“Any state that fails to act to end Pakistan’s invasion & prevent further Taliban brutality are betraying the women & girls of Afghanistan & making a complete mockery of their commitment to women’s rights,” tweeted Christopher (Chris) Alexander, Canada’s first envoy to Kabul. His warning captures the growing sense of betrayal felt by Afghans—especially women—at a time when the Taliban’s return marks one of the most brutal humanitarian crises in recent history.
Fear and Brutality Resurface
According to UNAMA, between May and June 2021 alone, 800 civilians were killed and 1,600 wounded—half of them women and children. The Secretary-General’s Special Representative for Afghanistan, Deborah Lyons, told the UN Security Council that Afghan women who worked with government or NGOs fear they will be executed simply for their past roles.
Unlike the 1990s, the Taliban now project a façade of reform to the world, but Afghans see through it. Sociologist Ali Amiri observes that much of the recent displacement is driven by fear of how the Taliban will treat survivors. Women in particular are haunted by memories of cruelty. The Wall Street Journal reported Taliban demands that communities hand over unmarried women and widows for forced marriage to fighters—an act condemned as sexual violence by human-rights groups.
Women as Weapons of War
Accounts from across Afghanistan show that the Taliban use women as tools of war. Families have been ordered to surrender daughters as “wives” to fighters. A young journalist in The Guardian admitted she was terrified both as a woman and a reporter, fearing abduction or forced marriage. Survivors recall the atrocities of the 1990s: Ziagul, a woman from Bamiyan, described how Taliban fighters then raped women during offensives, a memory that still drives families to flee in panic today.
Moqadasa Rasouli, a professor, recalls women being whipped for wearing nail polish, schools for girls being shut, and secret lessons punished with violence. Under Taliban rule, women were forbidden from working, barred from education, and criminalised for appearing in public without a male guardian.
Progress Since 2001
The contrast with the past two decades is stark. Since 2001, women in Afghanistan have made extraordinary progress. By 2017, one-third of Afghan girls were in school, compared with fewer than 10% in 2003. Today, women serve as police officers, politicians, journalists, and civil servants—21% of the workforce in 2020. Life expectancy rose from 56 years in 2001 to 66 years in 2017, while maternal mortality dropped dramatically.
Yet this progress has come at enormous risk. Since 2020, Taliban militants have specifically targeted female professionals:
- Fatima Rajabi, a police officer, was abducted, tortured, and murdered in July 2020.
- Maryam Noorzad, a midwife, was killed alongside a patient and newborn when gunmen stormed a maternity ward.

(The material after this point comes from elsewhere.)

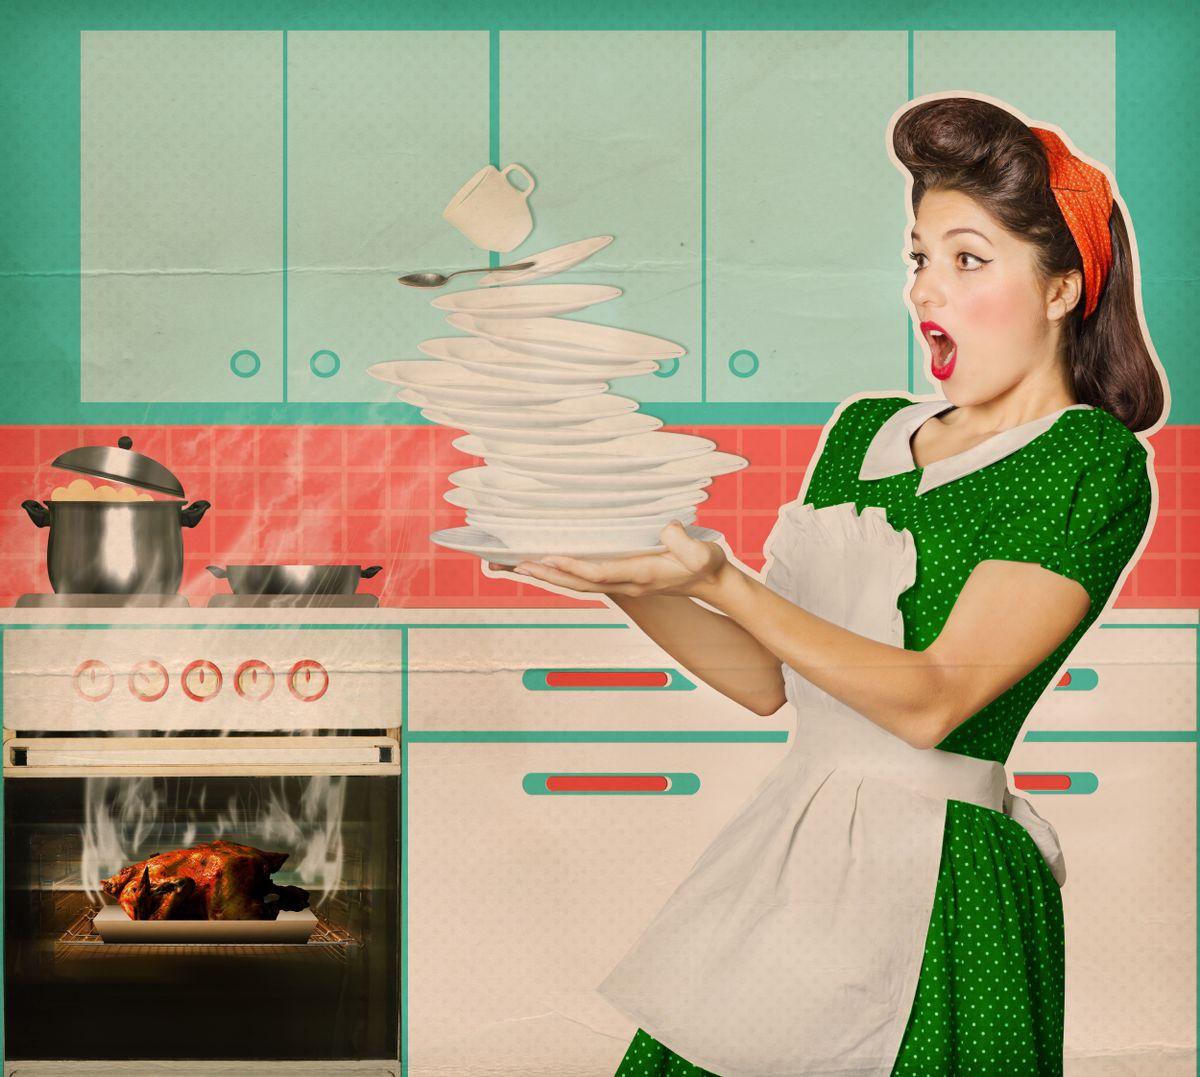 (<a href='http://www.shutterstock.com/gallery-225001p1.html'>Tancha</a> via <a href='http://www.shutterstock.com/'>Shutterstock</a>)

- Fatima Natasha Khalil, 24, a human-rights official, died in a roadside bombing.
- Malala Maiwand, a journalist, was assassinated after her mother—a social worker—was previously murdered for women’s rights advocacy.
These killings underscore the Taliban’s unrelenting hostility to women’s public presence.
Living Under Threat
Today, many Afghan women live in constant terror. Wazhma Sahel, a 22-year-old military officer, reports receiving death threats online and in writing. She believes she and her colleagues will be executed or stoned in public if the Taliban consolidate power. The OHCHR has already documented floggings and public beatings of women for breaching Taliban rules, such as leaving home without a male escort. In Balkh Province, a women’s rights activist was shot dead on 3 August 2021.
Despite this reality, Taliban leaders continue to assure the world that women’s rights will be protected “within the framework of Sharia.” Yet, as Nishank Motwani of the Afghanistan Research and Evaluation Unit notes, districts under Taliban control are “exactly how they were in the 1990s: Women can’t go to school, they can’t go out without a male chaperone, and they live in a climate of fear.”
Empty Promises
The Taliban’s promises are nothing more than recycled propaganda. The “framework of Sharia” is the same pretext under which women were brutalised in the 1990s. The international community, therefore, must recognise the reality: the Taliban have neither changed nor reformed. Taking their words at face value would be dangerously naïve.